Scenario 3: Detonation in elevator pit
Another possible detonation scenario focuses on the elevator pit near the FGAN bin. A fiberglass lid
covered the pit, and the floor sloped away from the pit to prevent runoff from entering it, but the fire
might have melted the cover, and FGAN remnants could have been in the pit. ...
detonation began in the pit, then the most feasible mechanism would be a collapse of the west wall of the
bin, spilling FGAN into a mixture of burning rubber from the melted elevator belt and residual FGAN in
the bottom of the pit. The mass of the falling FGAN, combined with the strong confinement of the
concrete pit walls, might have provided the conditions for a solid phase DDT beginning in the bottom of
pit and spreading into the main pile.
So yeah, the TLDR here is that conditions in a fire can be extremely complicated and unpredictable, giving rise to a lot of opportunities for contamination and detonation.
- AN can melt and the liquid can do unpredictable things.
- The containers can be destroyed by fire allowing AN to escape into unpredictable places.

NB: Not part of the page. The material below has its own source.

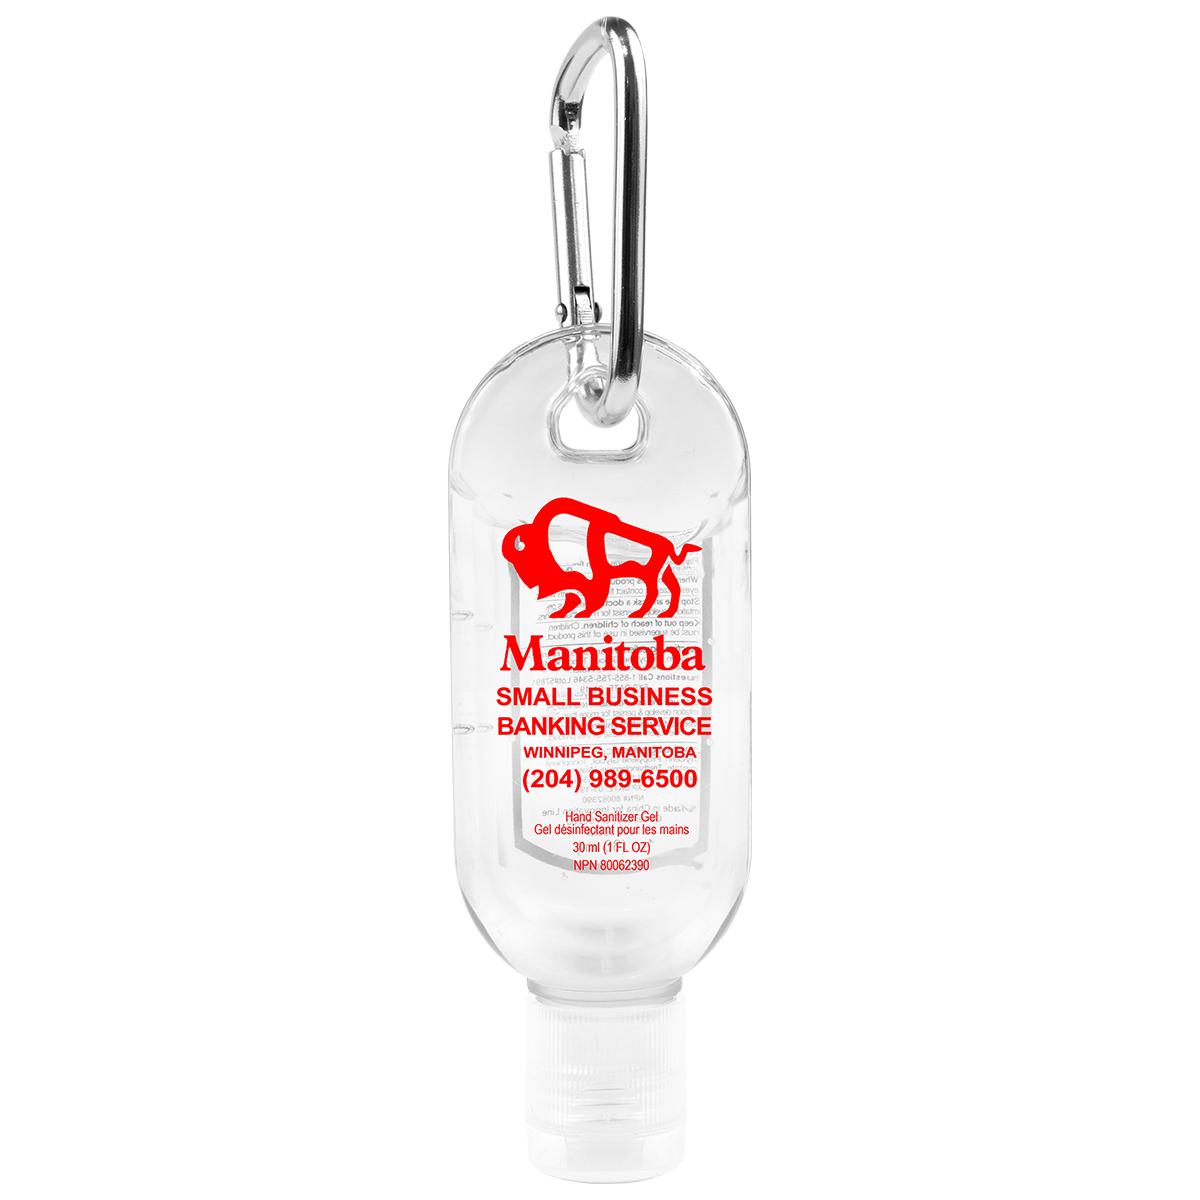 1.8 oz Hand Sanitizer Antibacterial Gel in Flip-Top Bottle with Carabiner

- Even if the AN was contaminate free under normal conditions, anything in the area can become a fuel source including the containers themselves, fire debris, smoke, soot, collapsed building parts, etc.
In Beirut we saw that there was already a fire burning for a significant amount of time before the explosion, as well as a smaller explosion that occurred < 30 seconds before the main one. There were also flashes and bangs and a lot of other stuff going on there (reportedly there were fireworks stored in the same warehouse). It was at a seaport, too, meaning there were probably a lot of nearby things to act as fuel sources.
It is very, very conceivable that the AN became both heated enough and contaminated enough during this time to detonate.
Here is a list of other AN accidents that you could research on your own to find out about other scenarios that can lead to detonations. Most notable:
- BASF, Oppau, Germany, 1921
- Texas City, Texas, USA, 1947
- AZF, Toulouse, France, 2001
- Ryongchŏn, North Korea, 2004
- Tianjin, China, 2015
Also, you may find some of the theories regarding the 1988 PEPCON accident in Nevada, USA interesting as well. That was not ammonium nitrate (it was ammonium perchlorate, another oxidizer), but the possible scenarios are similar and it also illustrates the complexity of those kinds of situations.